Running at NERSC (cori phase II):
Memory: the total memory per core is relatively small, leaving us two options, a) use more cores to get more memory, which is inefficient, or b) learn how to use cori more intelligently. phoSim uses ~2.4Gb memory per chip eimage simulation, while each node has only 96Gb DRAM (DDR4) and 16GB high band-width MCDRAM, shared between 68 compute cores (each with 4 potential threads), leading to 1.4Gb DRAM per core (although the HBM can be used in “flat” mode where it’s simply added to the DRAM - giving an effective 1.6GB/core).
Multi-threading: coming soon, in phoSim 3.6! Design is to divide the input catalog (sources) by the number of available threads (N). One set of N sources is then dispatched to the available threads. phoSim waits until all threads are finished then dispatches the next set of N sources, and so on. The memory will be shared between the threads so the memory footprint increases only minimally with each additional thread. This sounds promising.
The claim is that checkpointing will not be needed when phoSim is running multi-threaded - and it may also not be possible, given the design.
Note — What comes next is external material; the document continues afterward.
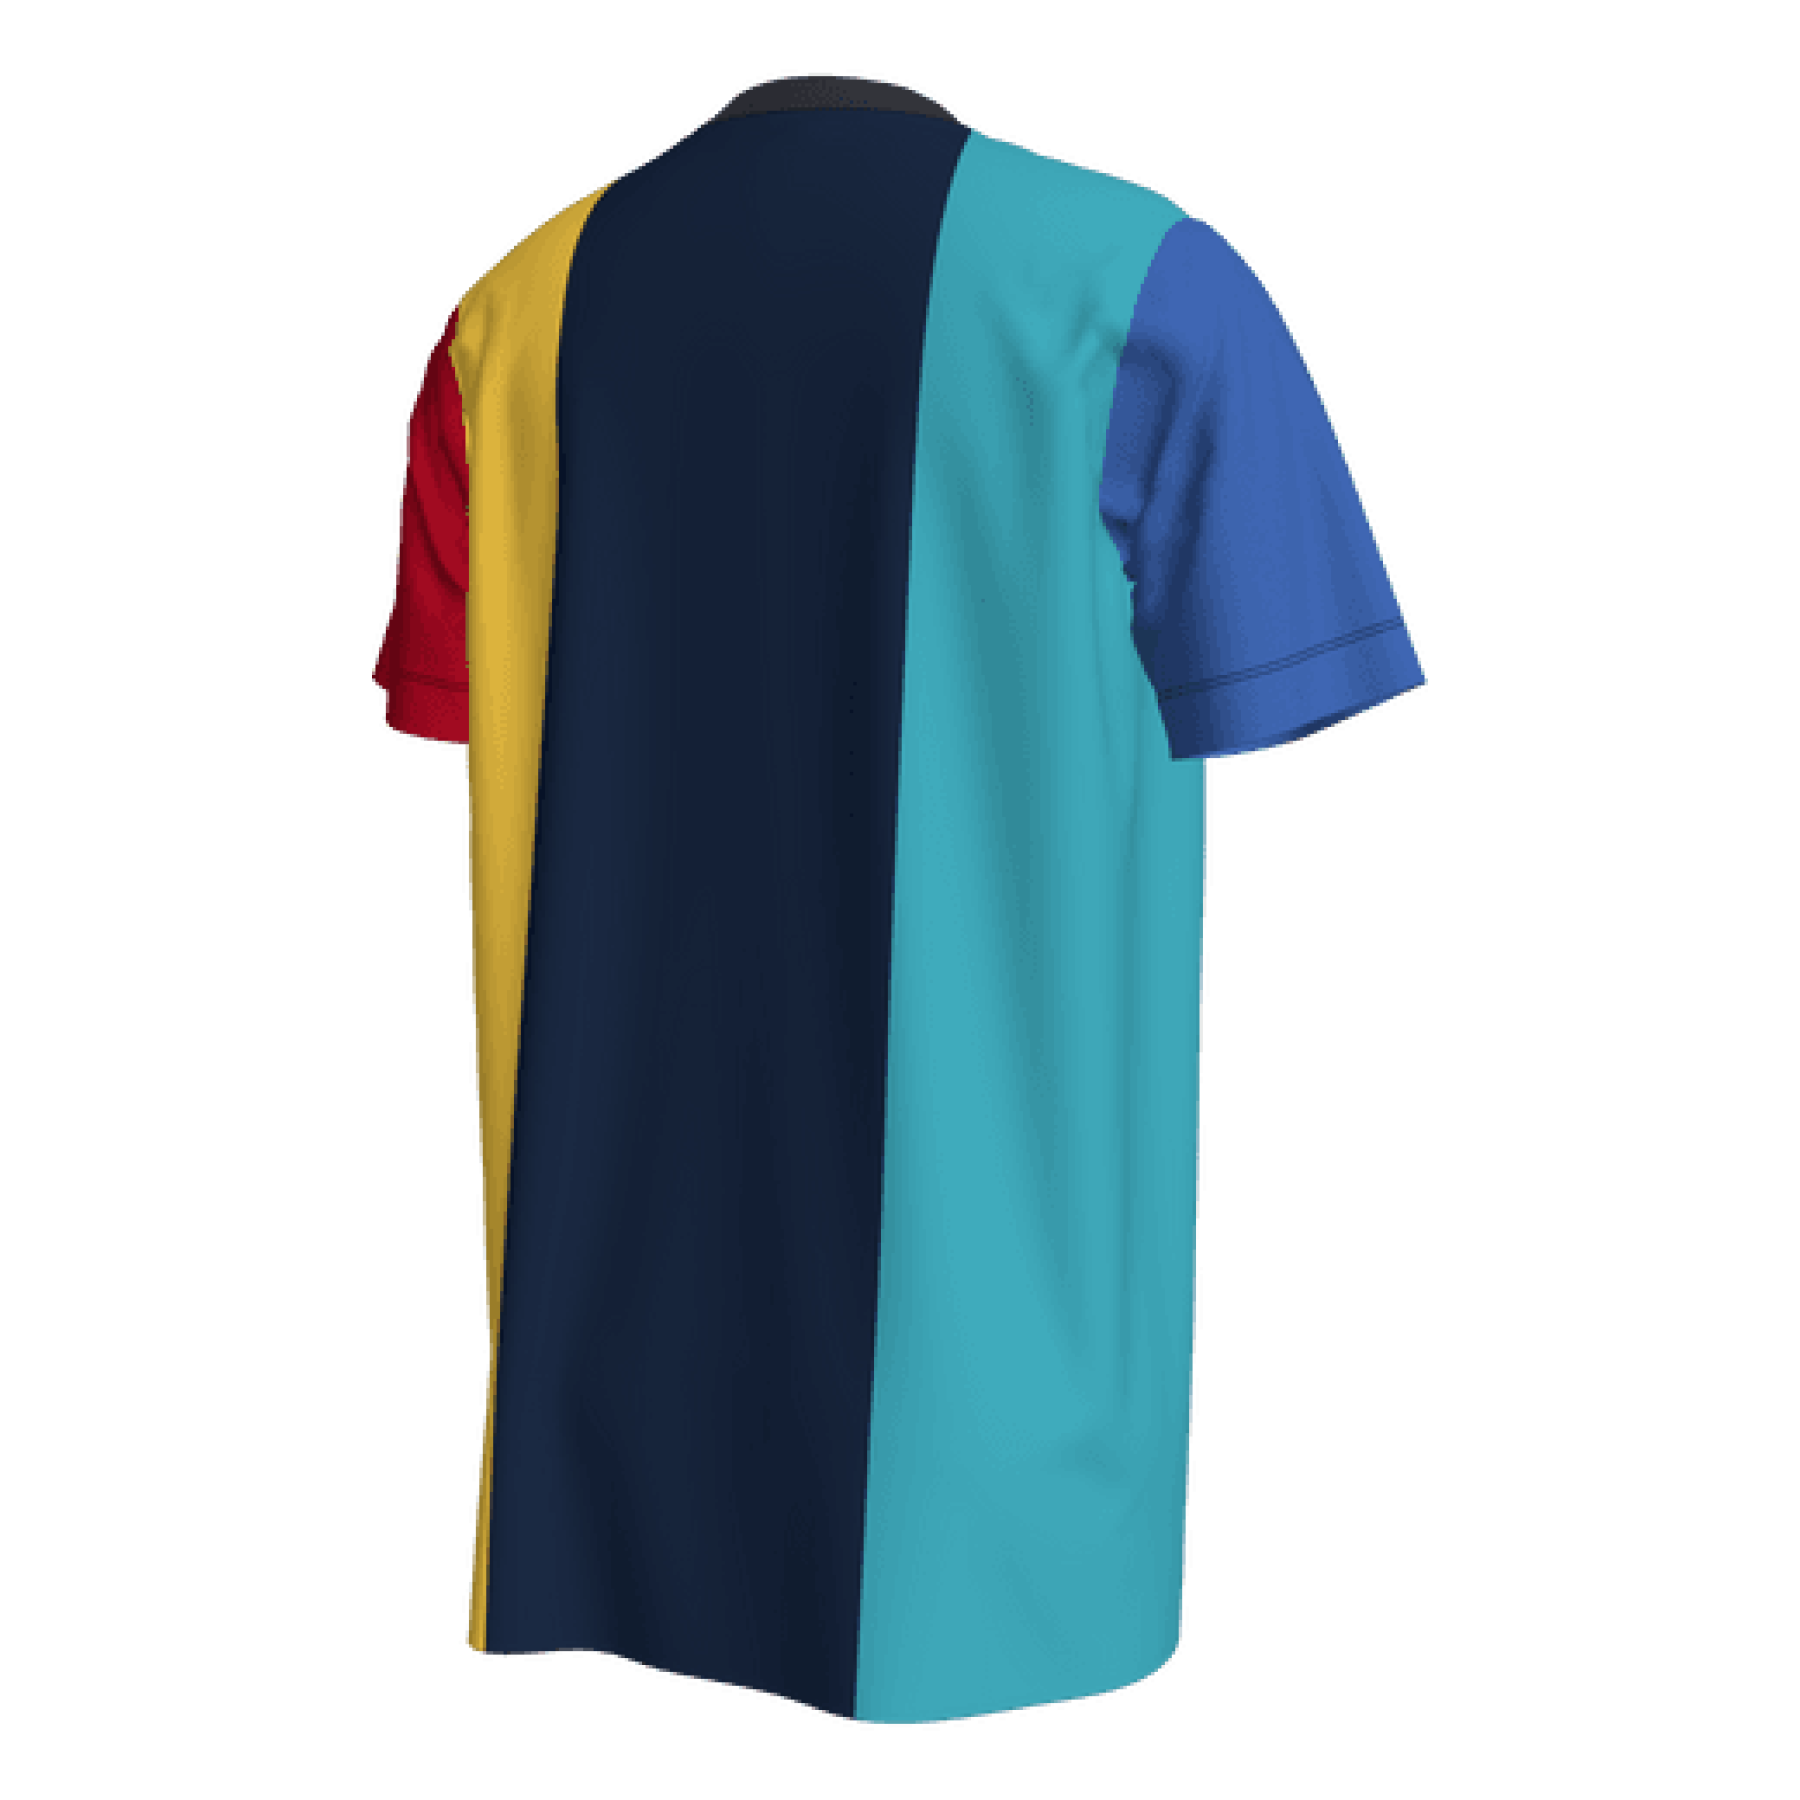 Camiseta para niños al aire libre FC Barcelone B Voice 2022/23

Concerns about repeatability: would multi-threaded results be deterministic? We need to check with John. Non-deterministic results could make debugging difficult.
Workflow engine support for checkpointing: some book-keeping will be needed to make checkpointing work. This not currently supported by the WE, but a kludgy work-around is being investigated (“retry” mechanism) - Tom is working with Brian on this.
The shared queue is still down, and being actively worked on by several NERSC engineers in collaboration with the Cray suppliers. This is currently preventing phoSim or DM operation on cori phase I. Edison remains available.
Phil reported on the difficulty of setting up an off-site retreat paid for with Task Force money - it’s much easier to define a workshop at SLAC or on Stanford campus, and have people stay nearby rather than in a remote location. While we could do that, there is also the possibility that we meet before and then at the CMU Hack Week instead. We’ll look at the November dates and see if there’s a good way of doing that.
A few of us will be going to Tucson, and we hope to meet up and working together.
Twinkles needs to be presentable in the Event Broker breakouts (Wednesday): if we work on emulating the Level 1 processing and analysis as part of Twinkles 2 next year, this could be a useful dataset for helping Event Broker development. We’ll find out more in Tucson, but we need the repo/website needs to be approachable with this in mind, so we can stand up and point people to it.
Meanwhile, there will be a competing breakout on GalSim development, which should be interesting for us.
Heather has put together a system for producing Twinkles Weeklies from our meeting notes, and then link them from the Twinkles web site at https://darkenergysciencecollaboration.github.io/Twinkles/
Heather is hoping to automate the weekly summary production process a bit further. In the meantime, our workflow consists of having someone (Phil) indicate that the minutes for that week are “ready”. Then someone (Heather) follows the steps outlined here.